In my search for a guide bushing set for my Bosch 1617EVSPK I have found that I need to order from the internet cause the stores have a crappy stock situation. I was going to get the PC adapter which will let me use brass, screw type bushings.

I was at Home Depot tonight and I see that they have a Ridgid set, model RBK1032, which has the brass bushings, 2 base plates, a centering bit and a countersink bit which lets you drill perfect holes to fit the enclosed bases to any router you want.

This sounds like the best deal for matching non-Bosch bushings to whatever, including Bosch.

I forget the price but I think it was $29 or $39. I can't look it up on line cause there are none available in a search and HD website doesn't list it. Gee, I wonder why people don't buy more of their products...duh.

Anyway, has anyone here purchased that set? Please give me a review.


----------



## bobj3 (Jan 17, 2006)

Hi

I have not But
You can pickup the MilesCraft base plate from many outlets and use all the PC brass guides..quick and easy..for about 20,oo bucks.

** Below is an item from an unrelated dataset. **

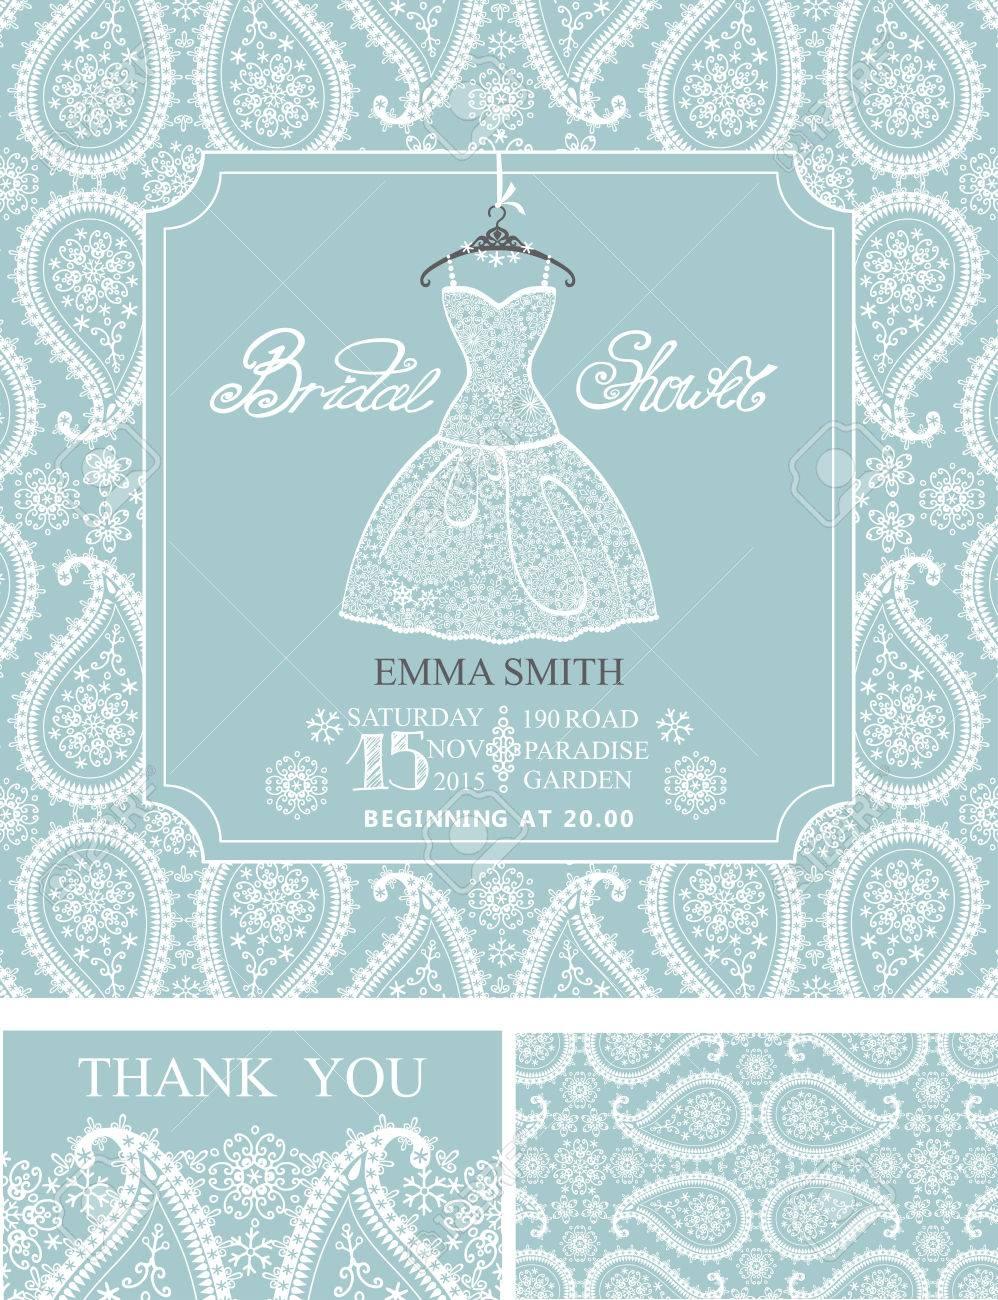 Bridal Shower Invitation Set.Bridal Wedding Dress,paisley Lace ...

Amazon.com: Milescraft 1201 Base Plate / Bushing Set for Routers: Home Improvement

http://www.youtube.com/watch?v=7ENu6iprXy8

http://www.milescraft.com/allproducts.html


========


----------



## sofasurfer (May 30, 2009)

I saw that set at Lowes. But then you still need to buy the brass bushings. I think the Ridgid set is a real good value unless I don't know what I'm talking about, which has happened a couple of times:sarcastic:


----------



## bobj3 (Jan 17, 2006)

This set comes with the 1" that's not the norm 
Plus with turnlock out you can use the 1 1/2" diam.bits not the norm for most plates that will take on the PC guides.

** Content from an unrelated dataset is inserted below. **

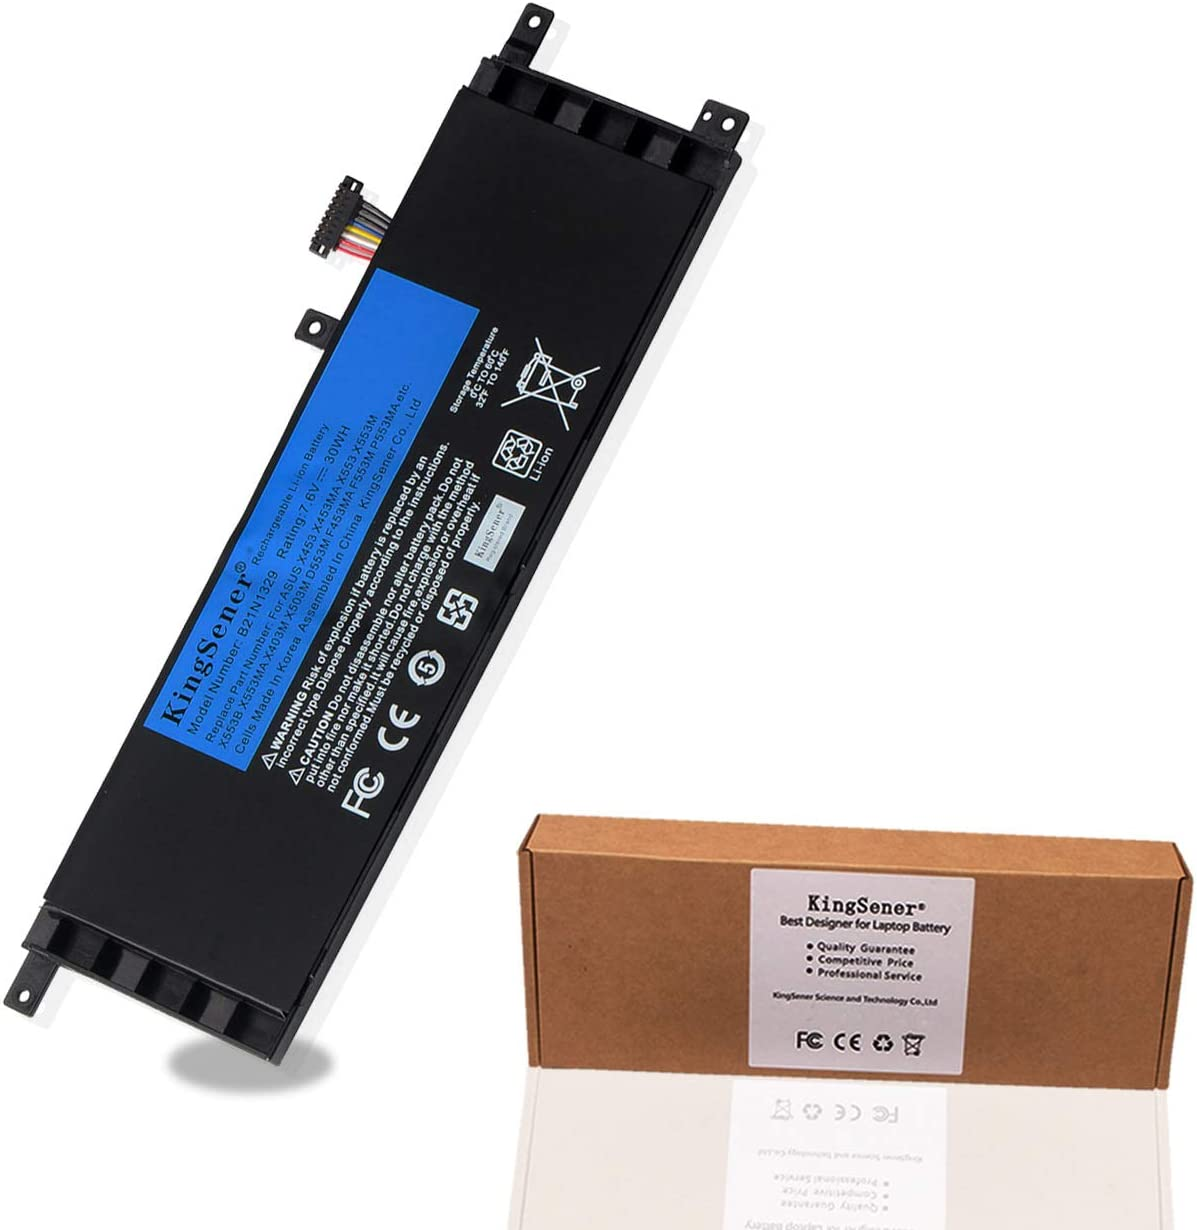 KingSener B21N1329 Laptop Battery for ASUS D553M F453 F453MA F553M P553 P553MA X453 X453MA X553 X553M X553B X553MA X403M X503M 7.6V 30WH

- Harbor Freight Tools - Quality Tools at the Lowest Prices

=========


----------



## sofasurfer (May 30, 2009)

The milescraft are all plastic parts aren't they? I don't like that. If I am going to buy the Milescraft mostly for the adapter I would have to just go for the Bosch adapter which I would have to order on line. Gee I hate ordering a toy and having to wait for it. The must be a place around locally that carries it. I'll look some more.
Are those HF bushings one of the HF items that can be recommended?


----------



## sofasurfer (May 30, 2009)

I just found this thread concerning the HD bushing set. I guess I will be getting the HF set.
http://www.routerforums.com/guide-b...gid-universal-pc-style-brass-bushing-set.html


----------



## MikeMa (Jul 27, 2006)

For my bosch, i went to the local woodcraft store. They sell a universal base plate that I was able to get to fit on my plunge base. This allows me to use the PC style guides bushings.


----------



## bobj3 (Jan 17, 2006)

Metal (brass) nose
Amazon.com: Milescraft 1211 Base Plate Metal-Nose Bushing Set for Routers: Home Improvement


Universal Router Template Guide Kit with free shipping
Router accessories 2


If you want to use your Bosch with out the MilesCraft plate
- Harbor Freight Tools - Quality Tools at the Lowest Prices


You can rework the brass adapter to take on the (1 1/2") Big brass guides very easy with a Forestner drill bits.. 
That's a real plus for the adapter way..
====
==========



sofasurfer said:


> The milescraft are all plastic parts aren't they? I don't like that. If I am going to buy the Milescraft mostly for the adapter I would have to just go for the Bosch adapter which I would have to order on line. Gee I hate ordering a toy and having to wait for it. The must be a place around locally that carries it. I'll look some more.
> Are those HF bushings one of the HF items that can be recommended?


----------



## sofasurfer (May 30, 2009)

In post #6, above, I forgot to include the link. I have now included it, but here it is again...
http://www.routerforums.com/guide-b...gid-universal-pc-style-brass-bushing-set.html
For some reason info on this set is nowhere else to be found on the web.


----------